Opel to Close Bochum Plant in Germany
General Motors Co.'s ailing Adam Opel unit says it plans to shutter an assembly plant in Bochum, Germany, after 2016 to cut excess capacity in Europe as part of a broader restructuring.
General Motors Co.'s ailing Adam Opel unit says it plans to shutter an assembly plant in Bochum, Germany, after 2016 to cut excess capacity in Europe as part of a broader restructuring.
The Bochum facility would be the first a major German auto factory closing since World War II. Opel closed a smaller plant in Antwerp, Belgium, two years ago.
Opel announced the fate of Bochum and its 3,300 workers in a joint statement with its German labor leaders. Analysts opine that may signal that the two parties are close to an agreement on the turnaround plan. The company says it is still seeking workers' agreement to postpone the 4% annual pay raise that the IG Metall union negotiated last month with German manufacturers.
In exchange, Opel says it would extend by two years the no-layoff pledge in its current labor contract, which protects jobs through the end of 2014. The company already has agreed to keep the Bochum facility open two years longer than expected until the current-generation Zafira Tourer MPV it builds is scheduled to go out of production.

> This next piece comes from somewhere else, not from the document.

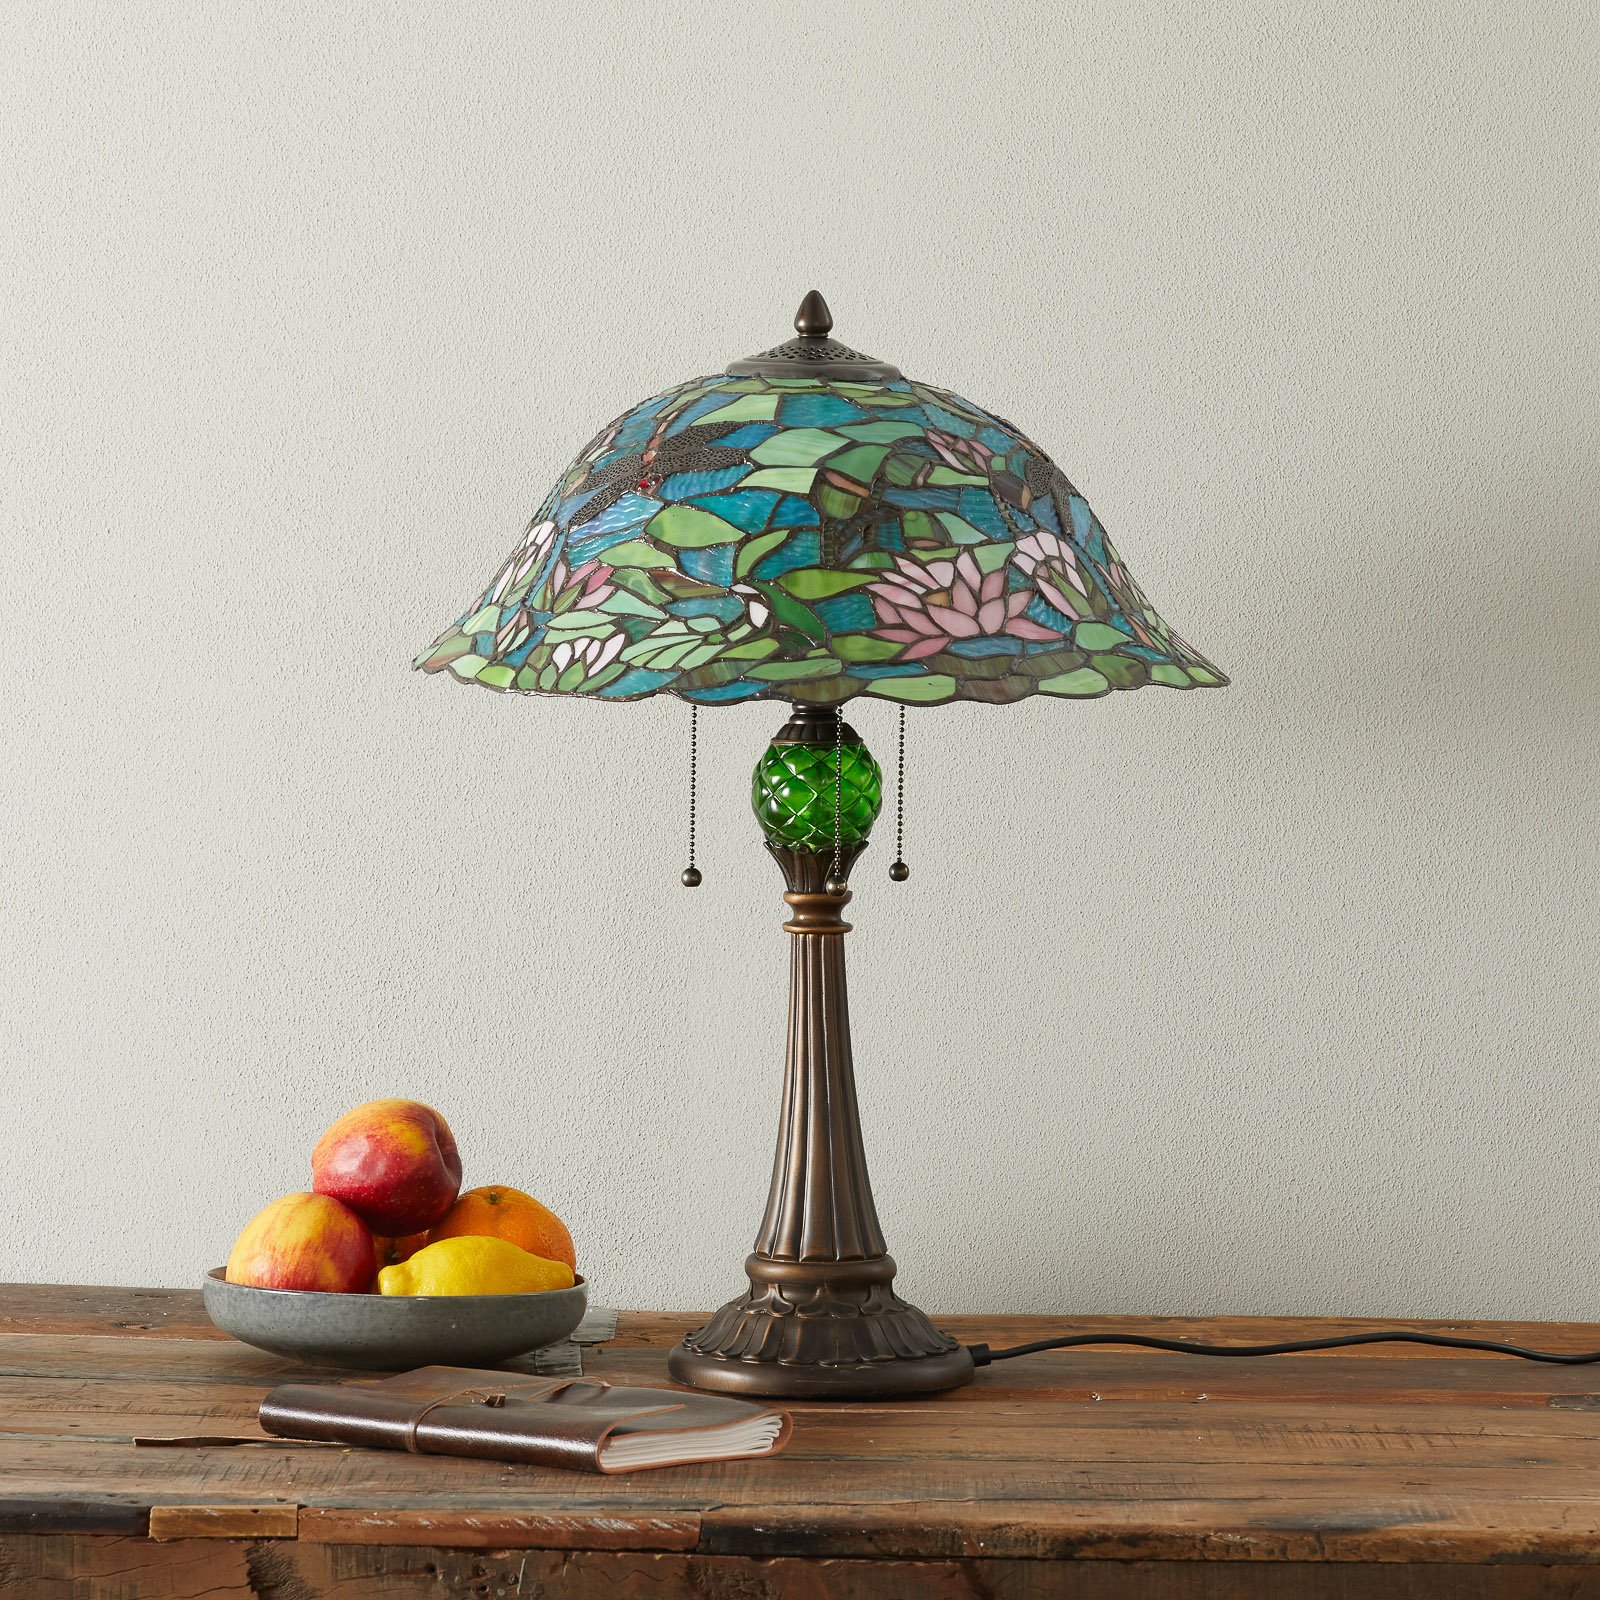 Czarująca lampa stołowa Waterlily w stylu Tiffany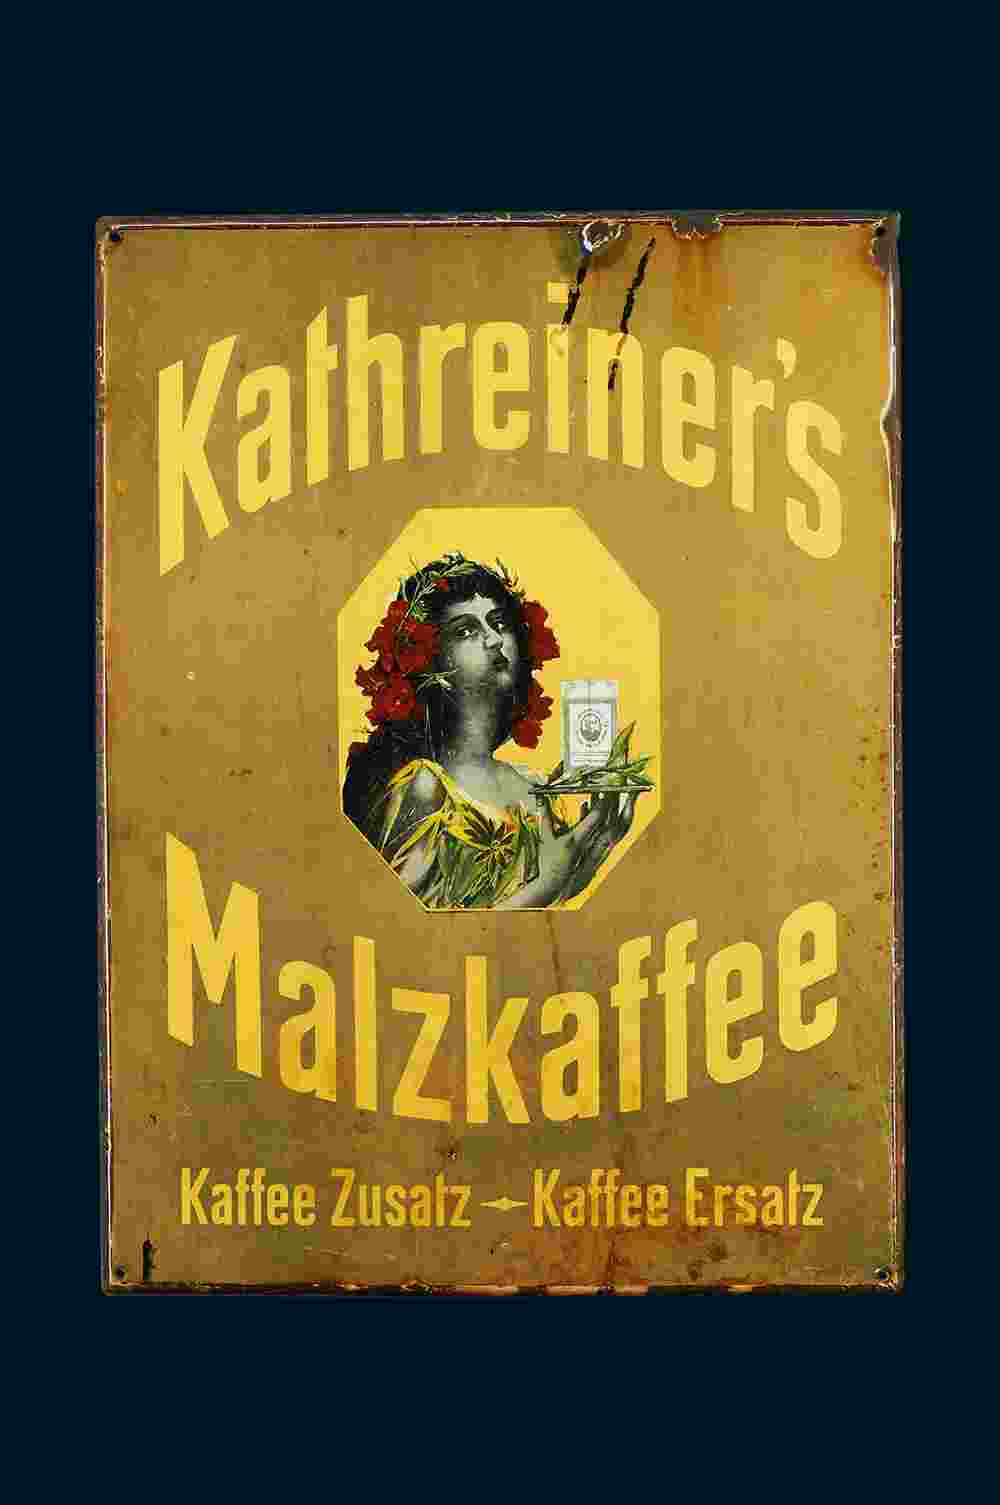 Kathreiner's Malzkaffee

Opel had considered closing two assembly plants, The Wall Street Journal notes. The newspaper, citing unidentified sources, says the company now expects to achieve efficient use of its capacity by shedding only Bochum, cutting additional jobs in Europe and producing non-Opel vehicles.
Bochum, which is one of the company's oldest and costliest plants, was considered most vulnerable to closing. An assembly plant in Ellesmere Port, England, escaped the ax when its workers agreed to a new, flexible contract. Opel announced last month it would build the next-generation Astra compact car at the U.K. facility.